American politics, like every other branch of show business, loves the myth of the heroic understudy--the unknown who coolly takes the stage when the headliner can't. Now that the spotlight is on Tenet, a bipartisan chorus is calling him the perfect man for the role of CIA director. It's a monstrous job. Three directors in the past six years have tried to drag America's $30-billion-a-year intelligence empire into the post-cold war era as ugly disclosures--especially the unmasking of traitors Aldrich Ames and Harold Nicholson--made the agency seem an unreliable relic. Why should anyone think that Tenet, a New Yorker whose Greek-immigrant parents owned a diner, can succeed?

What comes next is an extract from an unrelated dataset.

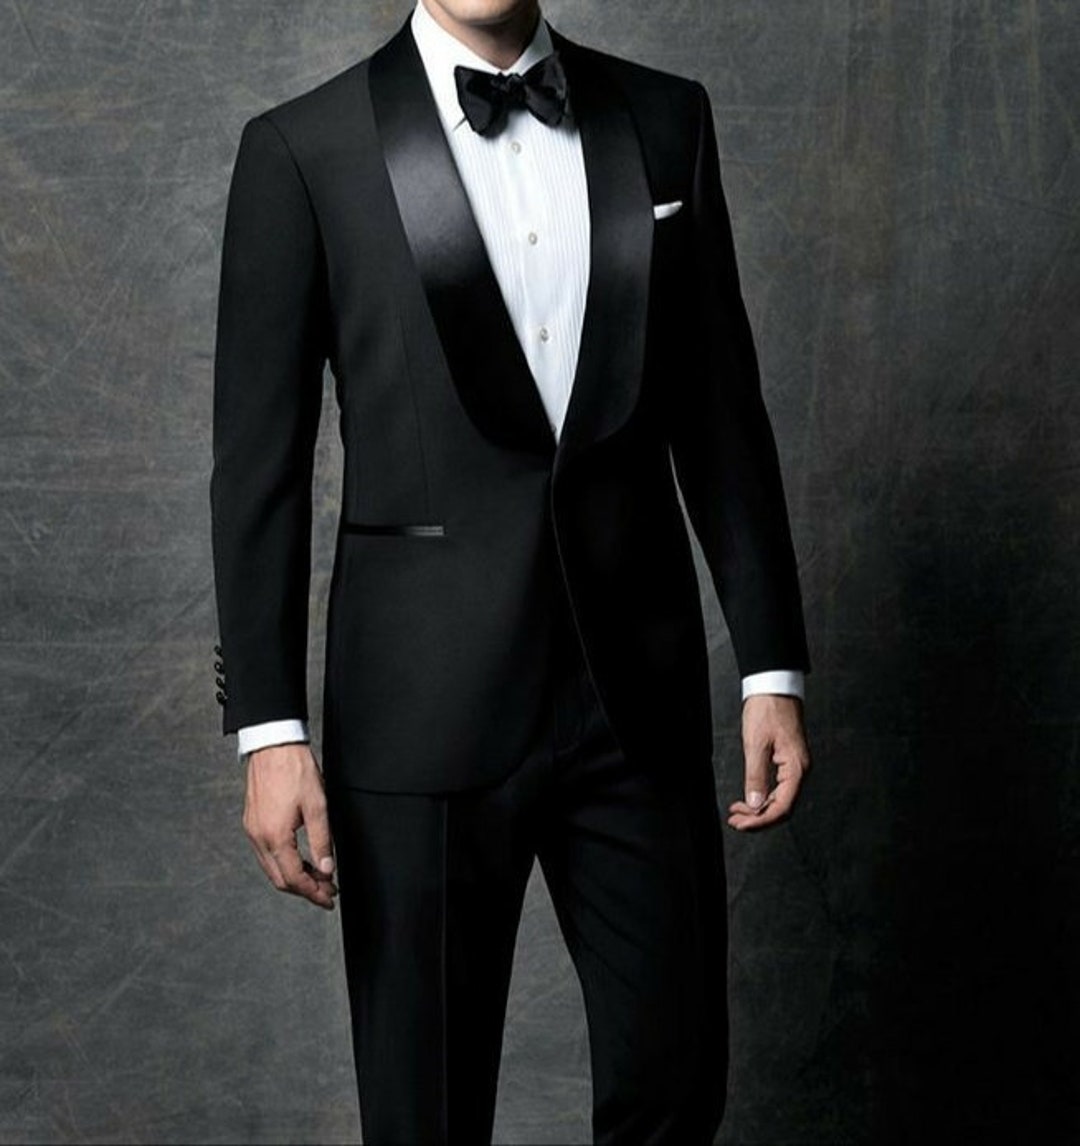 Men Suit Black Tuxedo Suit 2 Piece Stylish Suit Wedding Wear - Etsy ...

Because, his boosters say, Tenet's rise was fueled by smarts, loyalty, a taste for truth telling, and a commitment to reform that somehow didn't cost him the respect of the CIA. In 1987 he was a 34-year-old Senate intelligence-committee staff member when chairman David Boren chose him to be the new staff director. Boren put him in charge of auditing clandestine CIA programs. Tenet, says Boren, forced the agency to shut down two major covert operations after his staff found that case officers opposed U.S. policy goals and possibly allowed informants to siphon funds. Since his boss John Deutch resigned last December, Tenet has run the CIA--but not without incident. Last month Tenet said the agency did not know prior to 1995 that an Iraqi weapons dump blown up by U.S. troops in the Gulf War may have contained chemical weapons. Last week Tenet acknowledged the agency had sketchy information as early as 1986. Now that Lake, Clinton's first choice to replace Deutch, has been chased from the theater, Tenet the understudy is onstage. Already, critics are waiting to coach him their lines: rein in the CIA's hard-core culture; implement ethics courses for officers; create "honest spies." Soon, he will have to brave the reviews.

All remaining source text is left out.